Betterment vs Personal Capital
An increased interest in investing has blown the doors wide open for retail investors. Approximately 15% of all retail investors today only started in 2020. For newer investors, it can be challenging to find which platform is right for you.
When comparing Betterment vs Personal Capital, this is a comparison between two substantially different platforms. One is a pure robo-advisor, whereas the other is a personal wealth management surface.
From an investing perspective, these two platforms target two different investor types. So, let’s discuss the similarities and differences between Betterment and Personal Capital.
First up is the true robo-advisor. Betterment is one of the original robo-advisors, having launched at the dawn of this new investing revolution in 2008. The Betterment platform boasts hundreds of thousands of active users who want to invest in bonds and stocks.
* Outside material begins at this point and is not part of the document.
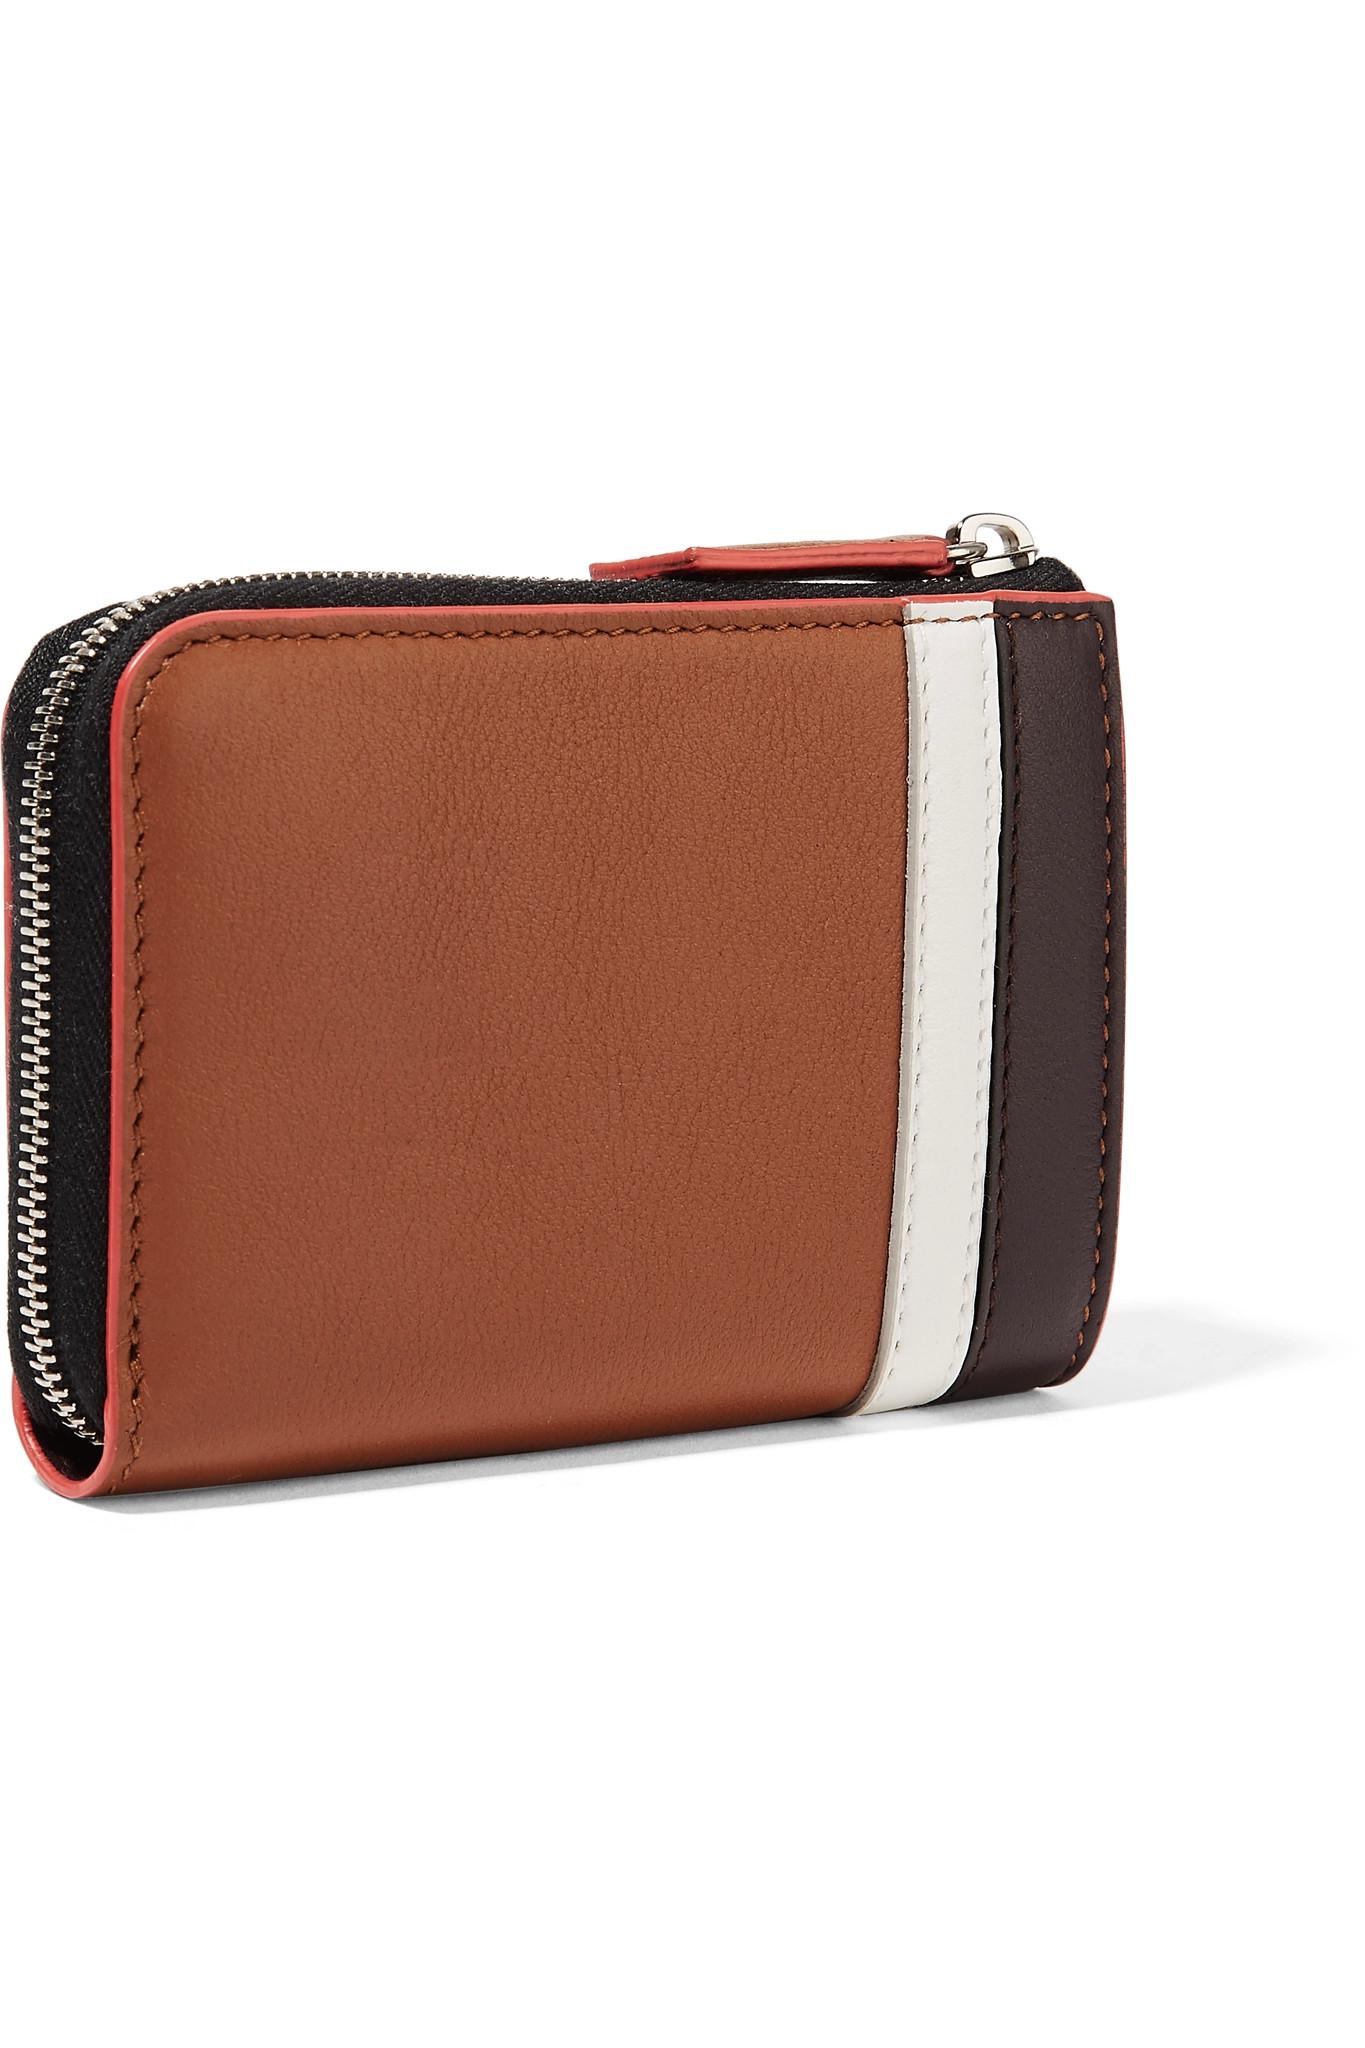 Emilio Pucci Striped Leather Wallet in Brown - Lyst

Our Betterment review has always maintained that this is the ideal platform for beginners. If you want to keep things simple, investing with Betterment is the optimal solution. The platform tailors your recommended portfolio allocation based on your income, financial aims, and personal risk tolerance.
Of course, you’re not required to follow Betterment’s recommendations. You also have the option of investing your money manually. More confident investors may choose this option and combine it with Betterment’s automatic portfolio rebalancing feature.
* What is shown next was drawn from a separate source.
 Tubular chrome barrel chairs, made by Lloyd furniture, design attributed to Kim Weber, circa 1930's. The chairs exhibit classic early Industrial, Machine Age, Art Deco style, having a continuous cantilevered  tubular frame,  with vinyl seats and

|Account Types||Brokerage, Saving, Checking, Trust, Roth IRA, Traditional IRA, and SEP IRA|
|Investment Type||Exchange-Traded Funds (ETFs)|
Immediately, you’ll notice that there are no account minimums. Unlike traditional brokers, you’re not required to deposit a specific amount before you can start investing. When you choose to invest, you can put your portfolio on autopilot with automatic portfolio rebalancing.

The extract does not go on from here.